Carney hails from a land of (comparative) fiscal sanity. The crash was global but there were no bust banks in Canada. Its troubles stand no comparison to those of the United States – and the secret was better regulation and a stronger commitment to sound money. There was no purblind regulation, no central bankers looking amazed at what the merchant bankers had been getting up to right under their noses.

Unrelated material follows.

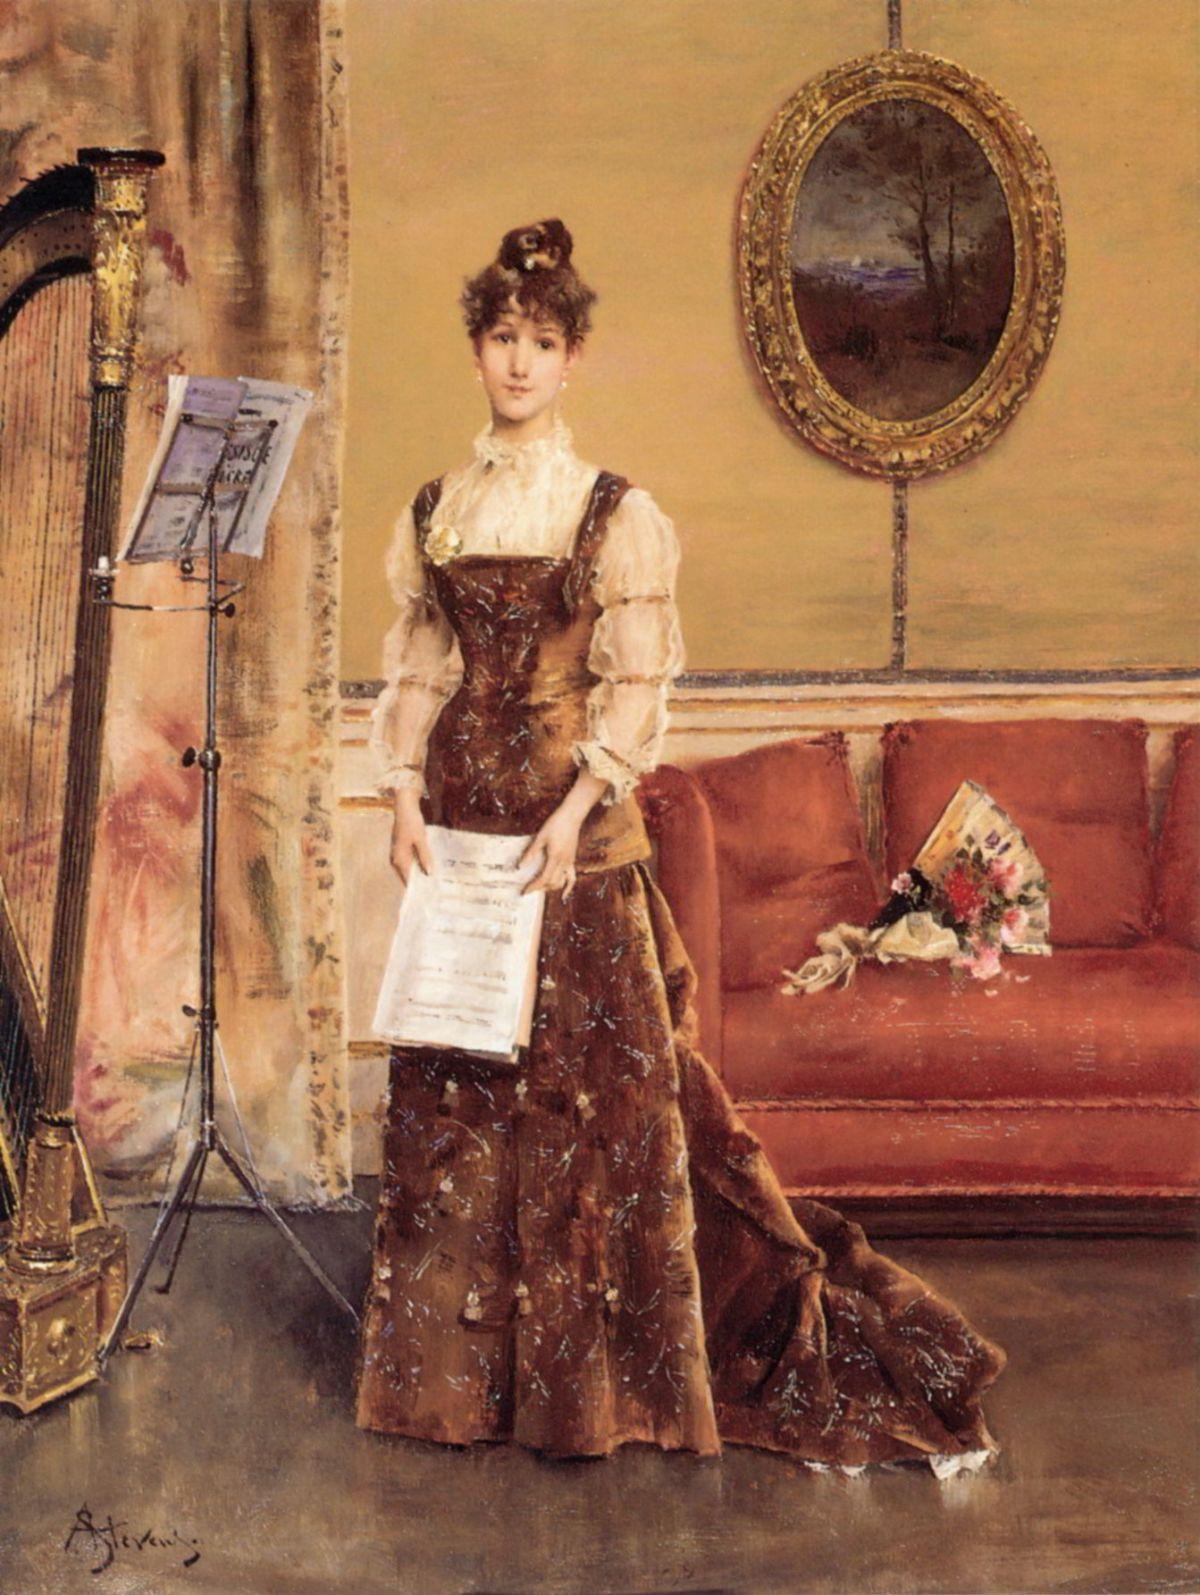 La Femme à la Harpe by Alfred Stevens

Carney said recently that ‘The crisis has shaken the foundations of monetary economics, making this a great time to be an academic but a more challenging one to be a practitioner.’ You would not hear Sir Mervyn making the same statement. Nor would you hear him acknowledge the Austrian school of economics and its criticism that:
‘inflation targeting can actively feed the creation of financial vulnerabilities, especially in the presence of positive supply shocks. For example, in an environment of increased potential growth resulting from higher productivity, inflation-targeting central banks may be compelled to respond to the consequent “good” deflation by lowering interest rates. From the Austrian perspective, this misguided response stokes excess money and credit creation, resulting in an intertemporal misallocation of capital and the accumulation of imbalances over time. These imbalances eventually implode.’
When Carney said this, he made clear he does not regard himself as an Austrian.But in recognising such concerns – and admitting that inflation targeting is up for debate – he goes much further than his predecessor.

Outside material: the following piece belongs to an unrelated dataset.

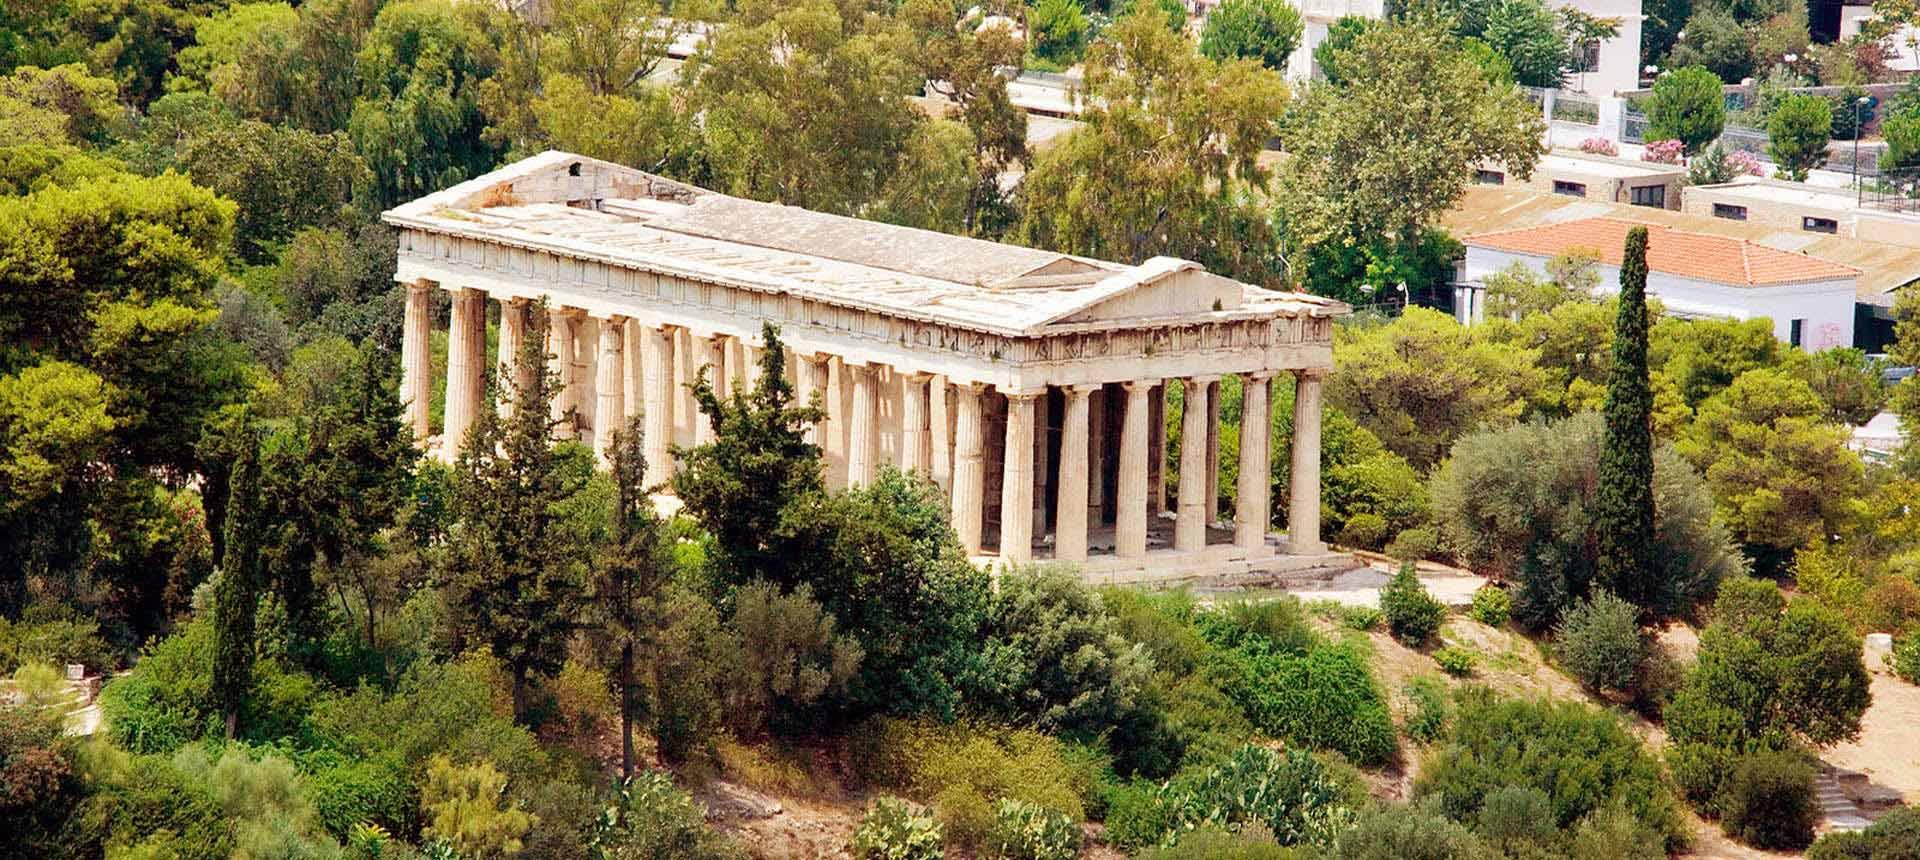 Acropolis, Ancient Agora and the Agora Museum

Carney knows Britain well enough. He was educated in Oxford and worked in Goldman Sachs from London for a while. His wife, a Brit, took Canadian passport. He’ll now take a British one. He’ll leave his job running Canada’s central bank in June – about a year early – and start in Threadneedle St in July.

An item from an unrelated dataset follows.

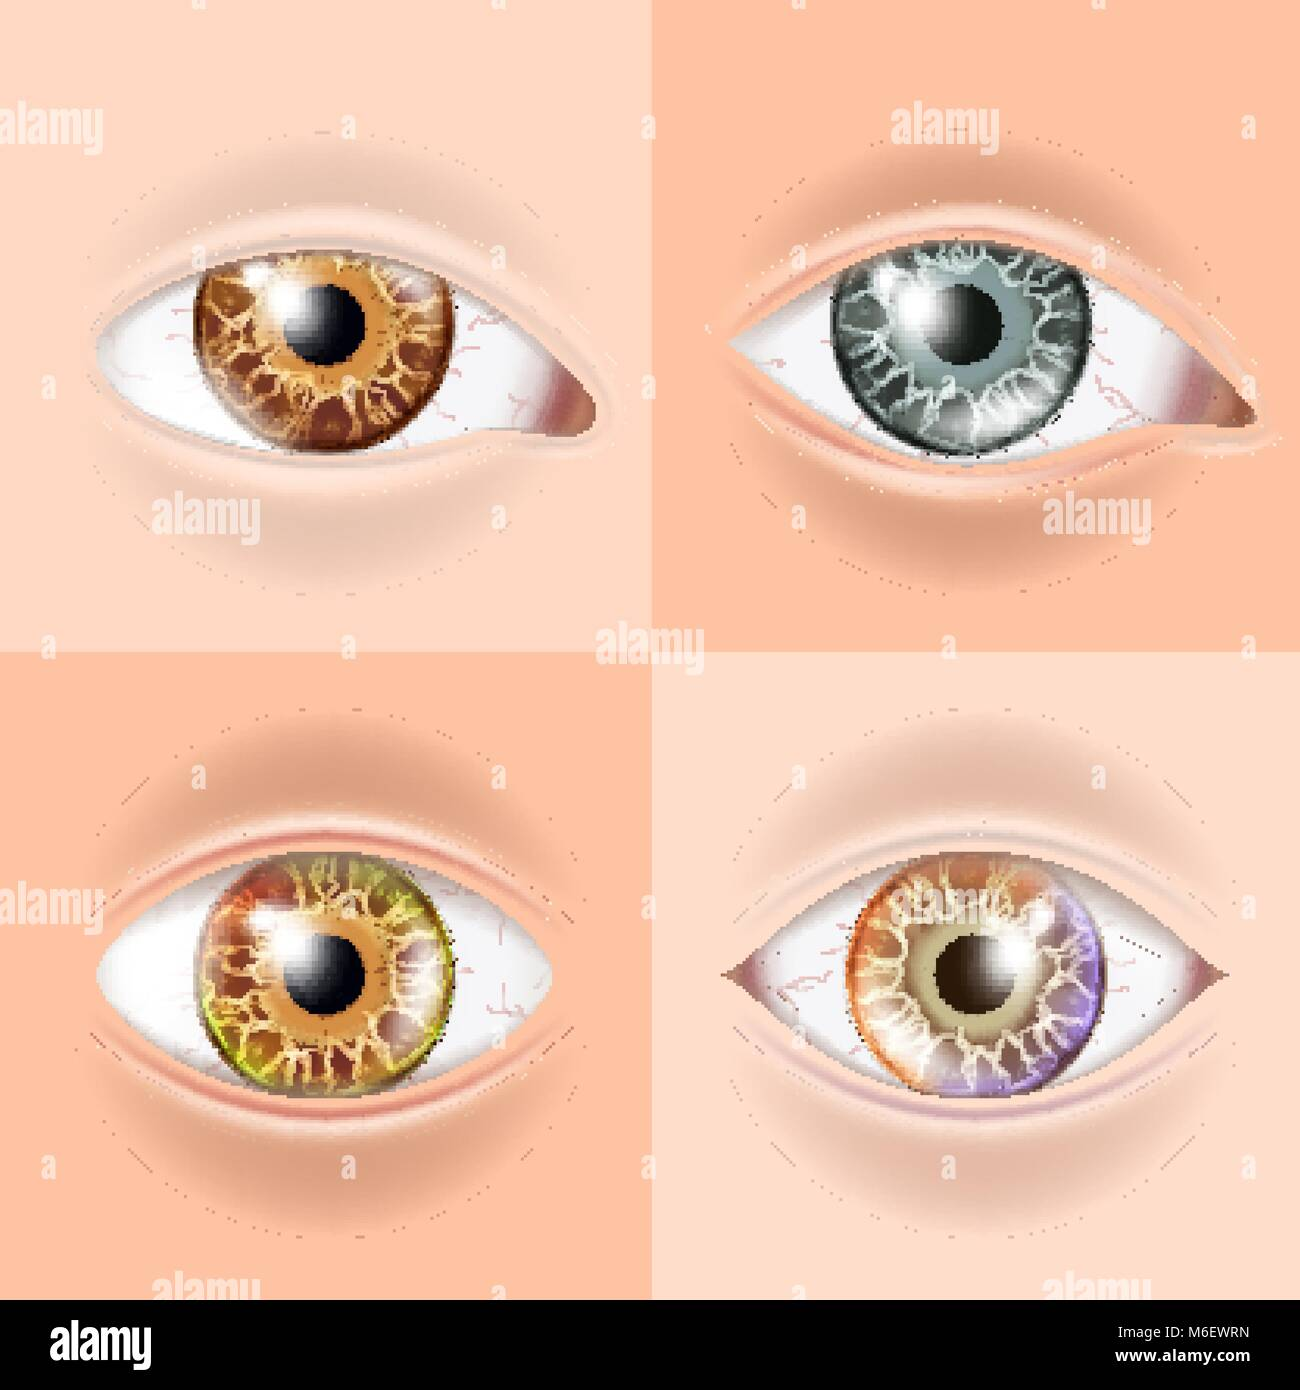 Ojo Humano Establezca Vector. Concepto de visión. Médicos de ...

It will, needless to say, be the first time a foreign national has run the Bank of England. But when you saw ex-civil servants like Gus O’Donnell throwing their hat in the ring, you knew we needed global help. In August, The Spectator’s leader had this to say:-
‘When the BBC was looking for a new director-general, it spent £150,000 on international headhunters only to promote an internal candidate. The search for a new Governor is vastly more important, given the outsourcing by the Treasury of so much British economic policymaking. George Osborne should scour the globe, and double the salary if need be. He badly needs help, and the right Bank of England governor could provide it. To find the right man or woman will perhaps be the single most important act of his chancellorship.’
Osborne gets a lot of stick from Coffee House. But this is a coup: he has poached a serving central bank governor and found a badly-needed new boom. I gather that the interview and appointment was done on the QT in London the weekend before last. Secrecy was vital; no serving head of a central bank could afford to apply for another job and then be rejected in public. Not that there was any risk of rejection: I understand that Carney was always Osborne’s no1.
So let’s wish the incoming Governor luck. He’ll certainly need it.
Here’s Osborne explaining it all to Robert Peston:-
http://audioboo.fm/boos/1080523-osborne-on-carney-peston-interview-26-11-12
UPDATE: Ladbrokes has given Carney a very British welcome with the following odds:
- Carney will authorise a larger volume of QE than Mervyn King* 8/1
- Interest rates will rise above 2.5pc in Carney’s first year 4/1
- UK base rate to rise above 7.5pc in Carney’s first year 25/1
And if the last one seems remote, remember Carney was 12/1 to win the job this morning. The unexpected seems to be happening rather a lot in economics.